Mrs. Fitter answers from inside: “Now what is it, Shapurji, how will I get your dinner ready if you keep bothering me?”
Scolding away, she comes to the veranda, wal
king with a heavy stoop. In her hand is a knife she has been using to chop something, I can see green specks upon the blade. “Hullo? Nariman’s grandson is here, and you don’t even tell me?”
She puts the knife down on the teapoy, wipes her hands on her skirt, and pinches my cheek. I smell coriander, fragrant on her fingers. Then I uncover the tray and hand over the jalebi, delivering Mummy’s message.
“Murad eighteen already!” she says, taking the tray from me. “How wonderful! And you are?”
“Fourteen,” I answer, “fifteen running.”
Dr. Fitter smiles. “The new generation, ready to rule the world. And you will make it a much better place, I hope? Sit, tell me which school you go to.”
He chats with me for a while as Mrs. Fitter disappears with the mithai. I am anxious about the tray – will she remember to bring it back? Meanwhile, Dr. Fitter declares how good it is that our family is living in Professor Vakeel’s flat.

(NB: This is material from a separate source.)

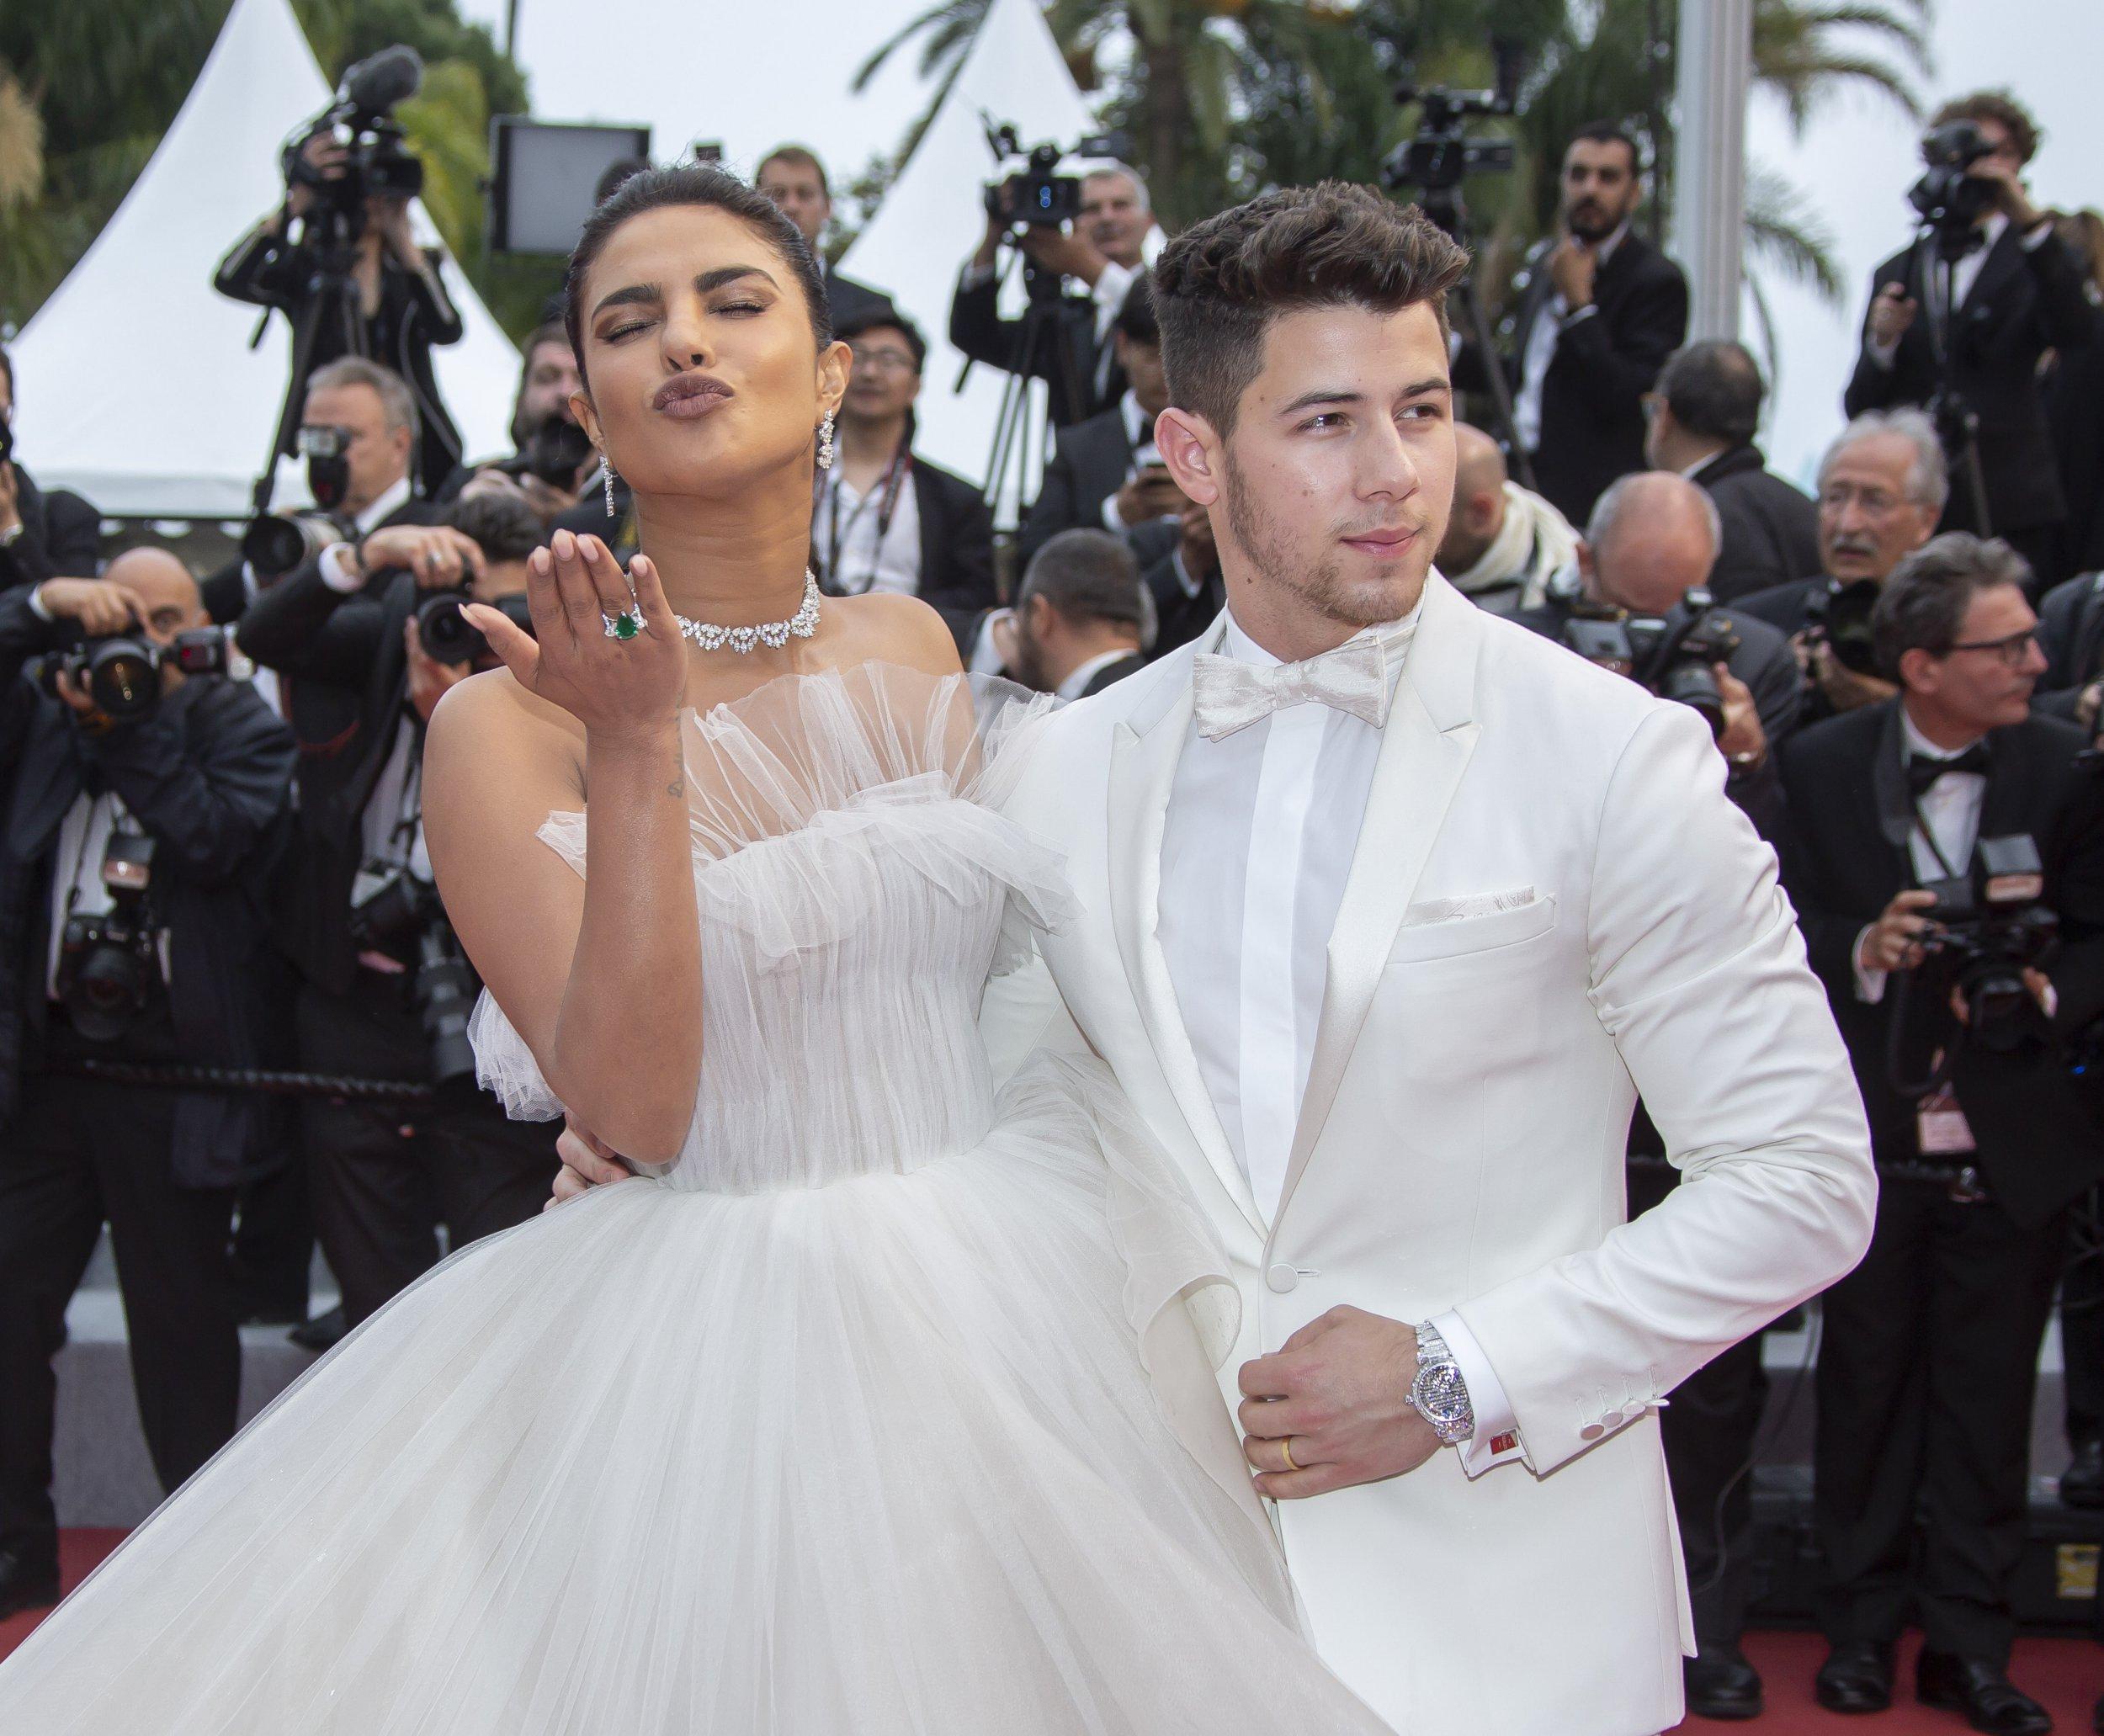 Nick Jonas posts adorable tribute to wife Priyanka Chopra: 'I am honoured to be your husband'

“For much too long there was an emptiness in that house. An absence … Your grandfather, he had a very unfortunate life. I still remember the day he came downstairs to speak to his girlfriend – the day he was wearing only a towel around his waist.”
Dr. Fitter chuckles at the memory. I nod knowingly and try to prompt him to talk some more: “My parents always say you were so kind to help my grandfather.”
He shakes his head to dismiss the thanks. “The least we could do, Superintendent Masalavala and I. And even then, even without a police case, how many rumours were flying – was it double murder, was it double suicide, was it pure accident?”
I feel as though the colour is leaving my face, and hope he doesn’t notice. “Rumours are always on the human agenda,” I remark smartly, grateful for the words.
Dr. Fitter laughs. “Just the kind of thing Professor Vakeel would say. Of course, you can’t blame people, it did look suspicious.”
Mrs. Fitter returns for the knife she has left behind, and overhears. “What are you doing, Shapurji,” she reproaches him. “These are not matters to discuss with a little boy.”